Getting Started with Reverse Engineering using Ghidra
In this article, we are going to explore how to download Ghidra, install it and use it to perform many important tasks such as reverse engineering, binary analysis and malware analysis.
But first what is Ghidra exactly?
According to its official Github repository:
"Ghidra is a software reverse engineering (SRE) framework created and maintained by the National Security Agency Research Directorate. This framework includes a suite of full-featured, high-end software analysis tools that enable users to analyze compiled code on a variety of platforms including Windows, macOS, and Linux. Capabilities include disassembly, assembly, decompilation, graphing, and scripting, along with hundreds of other features. Ghidra supports a wide variety of processor instruction sets and executable formats and can be run in both user-interactive and automated modes. Users may also develop their own Ghidra plug-in components and/or scripts using Java or Python.

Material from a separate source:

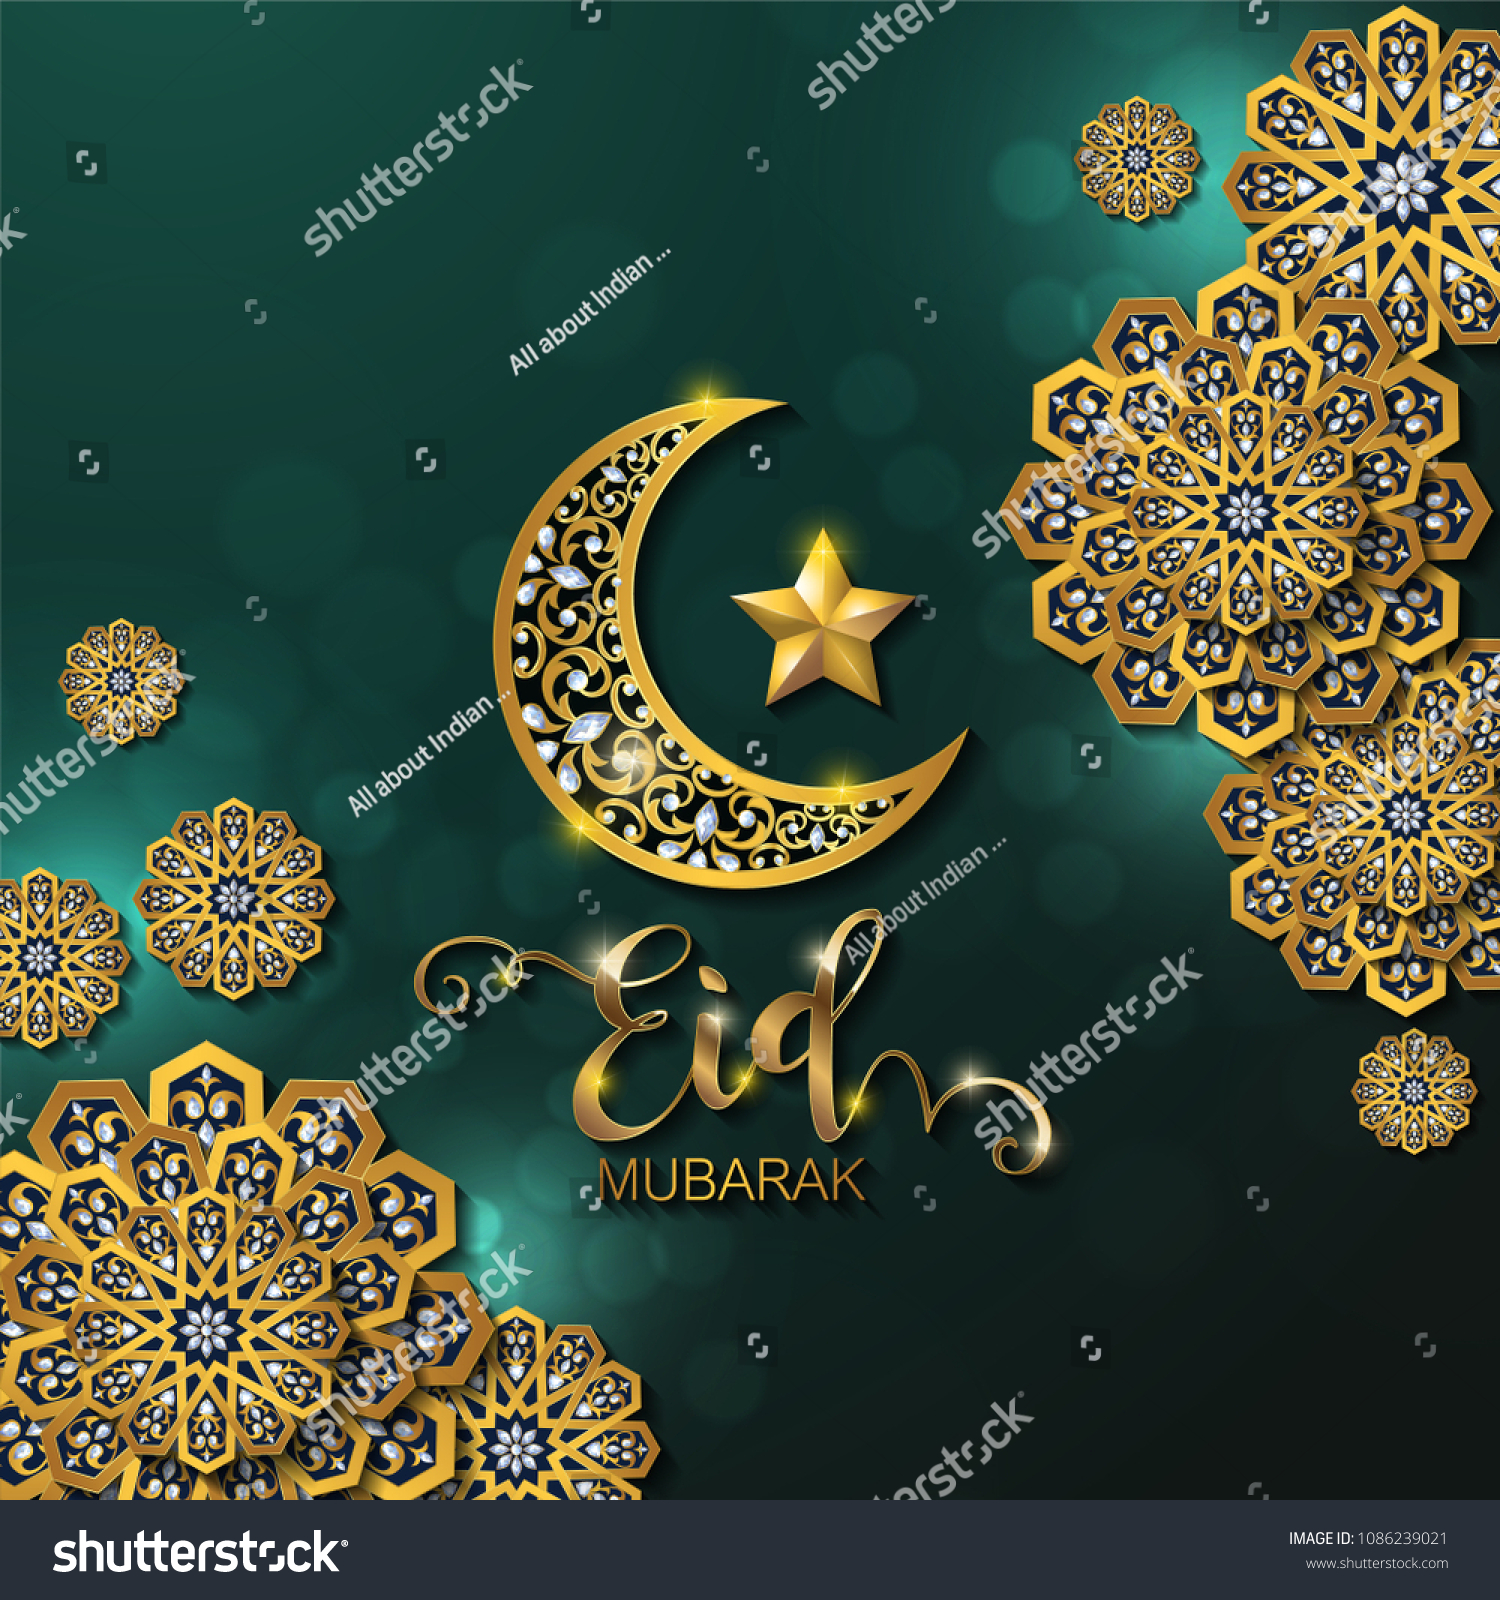 Eid Mubarak Greetings Background Islamic Gold Stock Vector Royalty Free 1086239021

In support of NSA's Cyber Security mission, Ghidra was built to solve scaling and teaming problems on complex SRE efforts, and to provide a customizable and extensible SRE research platform. NSA has applied Ghidra SRE capabilities to a variety of problems that involve analyzing malicious code and generating deep insights for SRE analysts who seek a better understanding of potential vulnerabilities in networks and systems.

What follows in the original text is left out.